Is Artificial Intelligence the Future of Financial Services?
August 11, 2019
Artificial intelligence, or technology that enables near-human levels of cognition, shows great promise for the financial services industry. Within capital markets, AI can be a means to produce better, faster, and more accurate predictions. But as a human-designed technology, it still ultimately suffers from some vulnerabilities: privacy concerns, biased or otherwise poor-quality input data sets, and unwarranted overreliance on the technology— to name a few.
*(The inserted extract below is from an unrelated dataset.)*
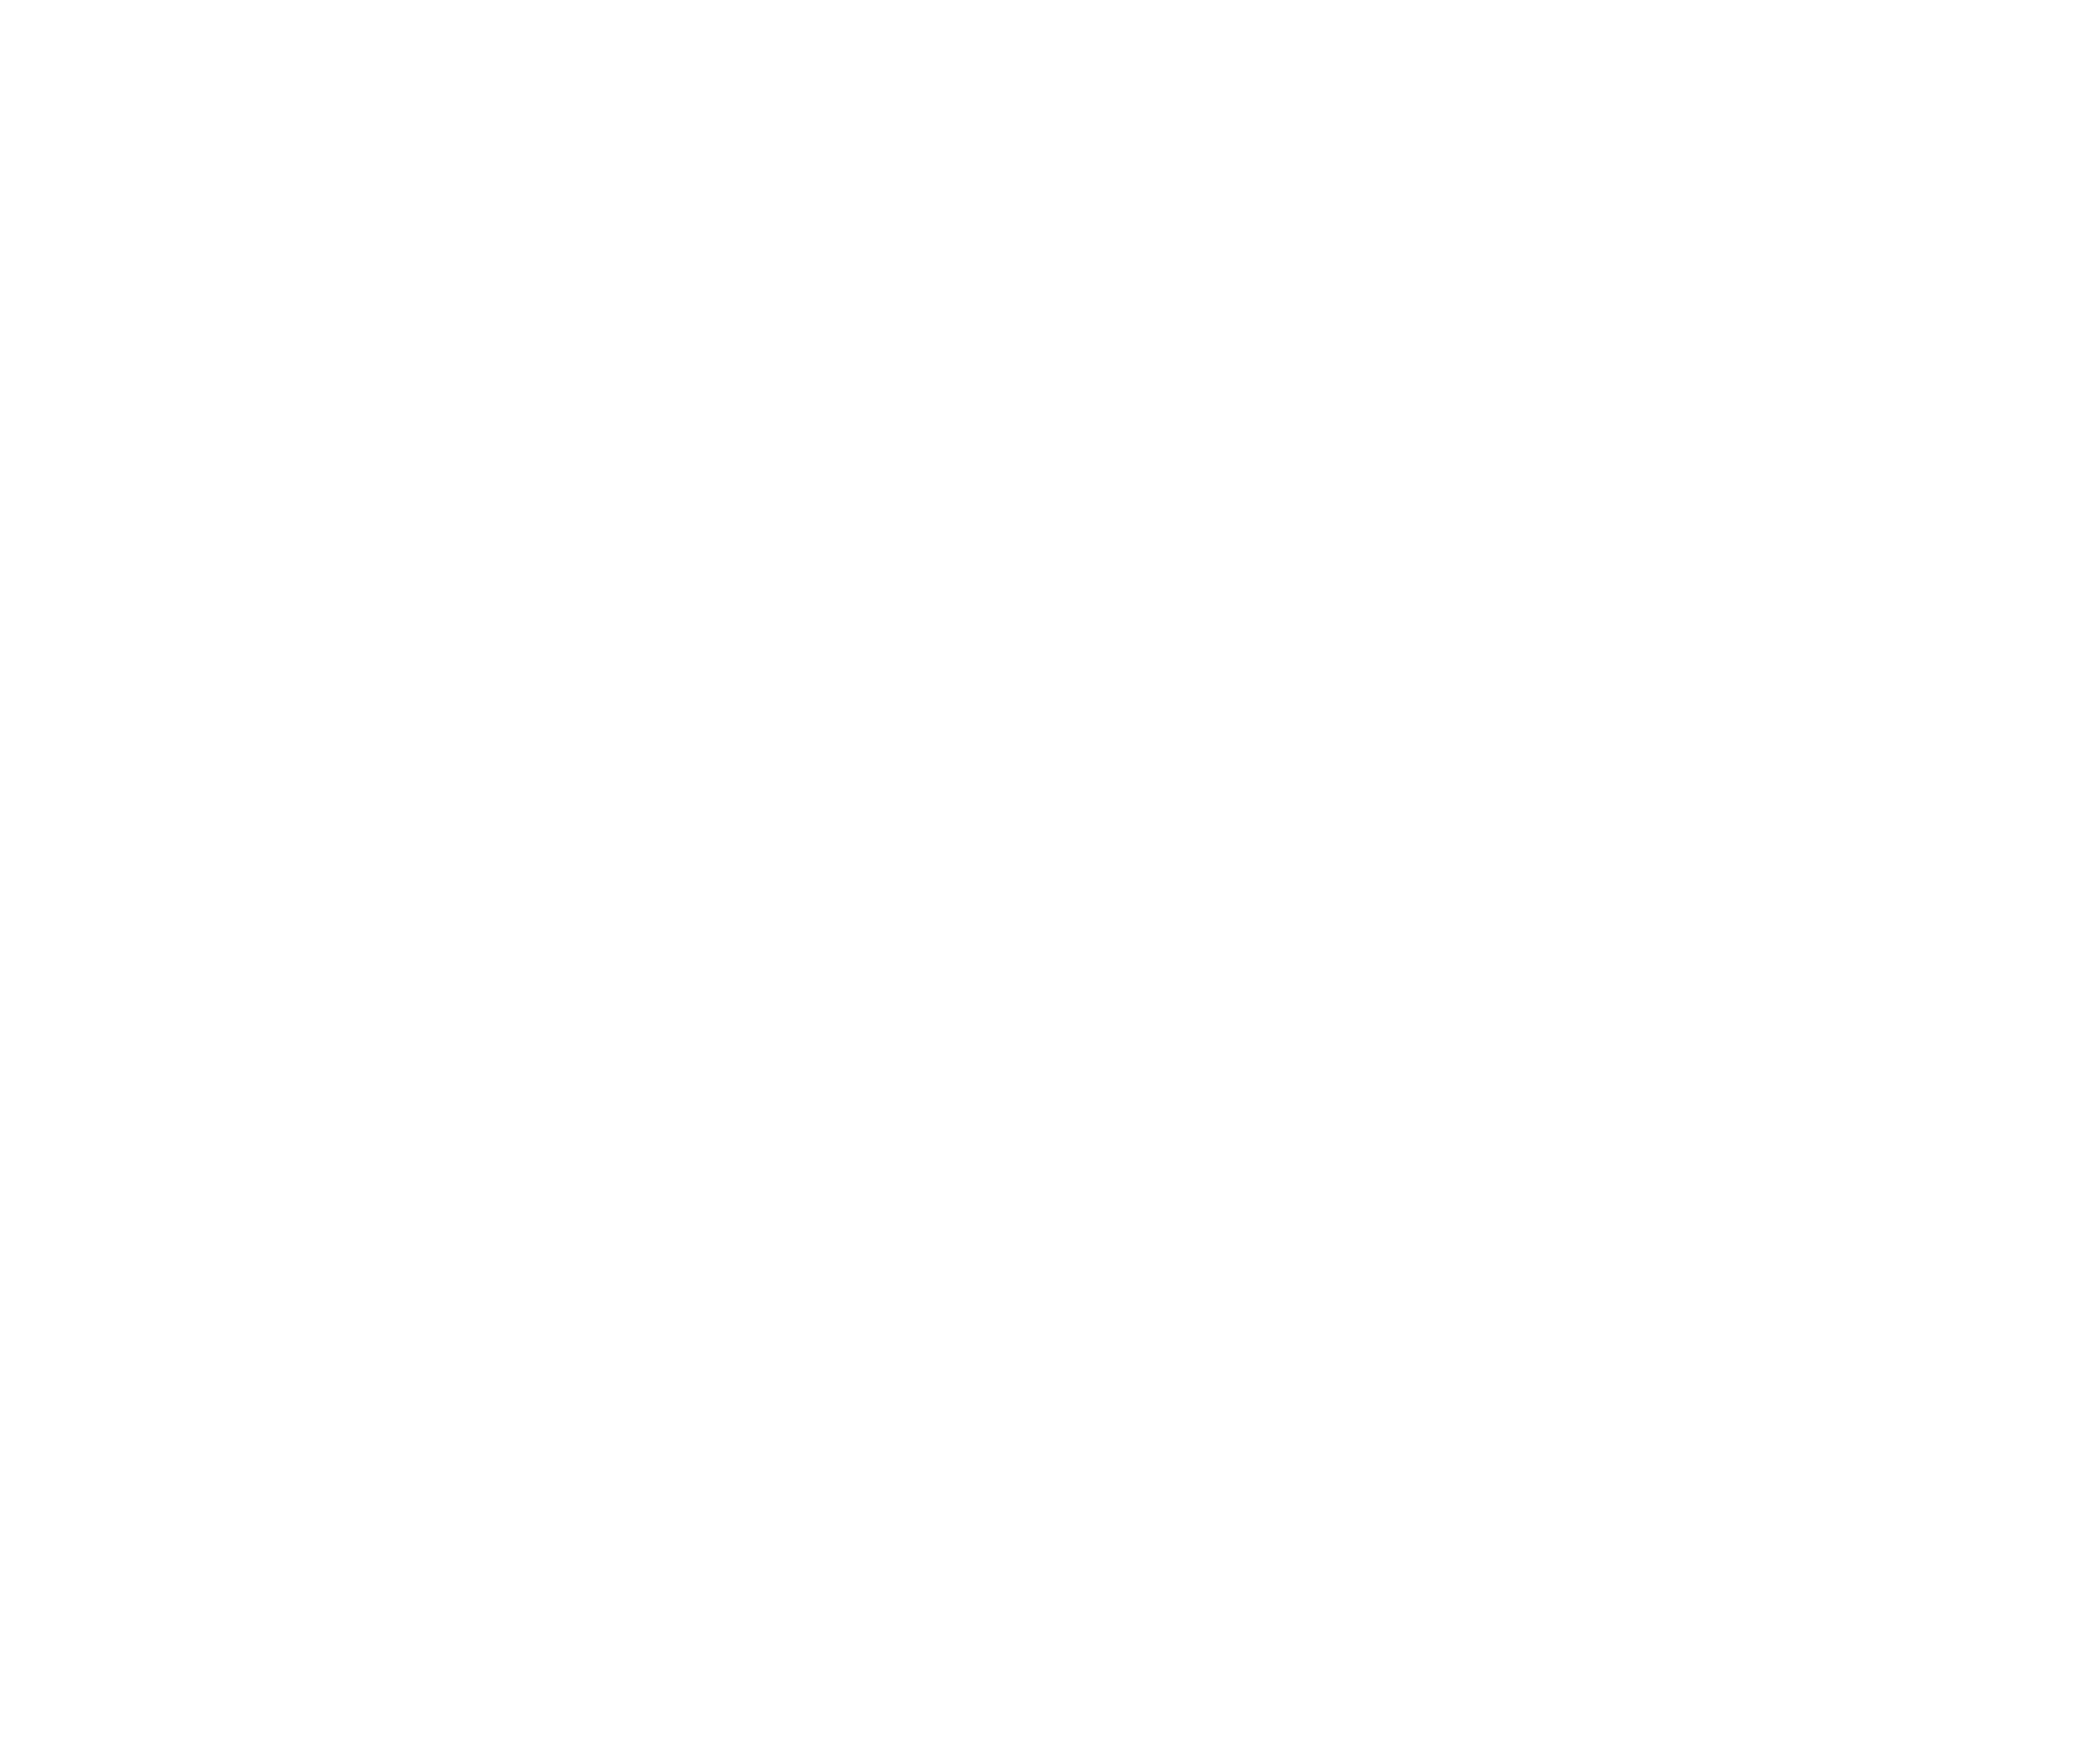 Fina Foods

The benefits, among them the potential to responsibly extend credit to millions of previously underserved individuals, however, are encouraging. Thus, the financial system is facing a turning point. By embracing AI, under the prudent and, hopefully, encouraging oversight of regulators, financial institutions will be able to unlock a whole new path towards stable and equitable growth. It is still too early to say for sure, but the benefits AI-enabled financial institutions could deliver to customers and other previously untapped sectors, will likely have multiplicative effects on the greater economy. Potential benefactors include traditionally underserved groups like women and minorities. AI credit-underwriting systems can incorporate dozens or even hundreds of variables, and are not inherently backwards-looking like traditional FICO ratings. Thus, they could help break the cycle of low credit scores for certain communities. By incorporating alternative data, it has been suggested that these systems could expand access to credit at a lower cost.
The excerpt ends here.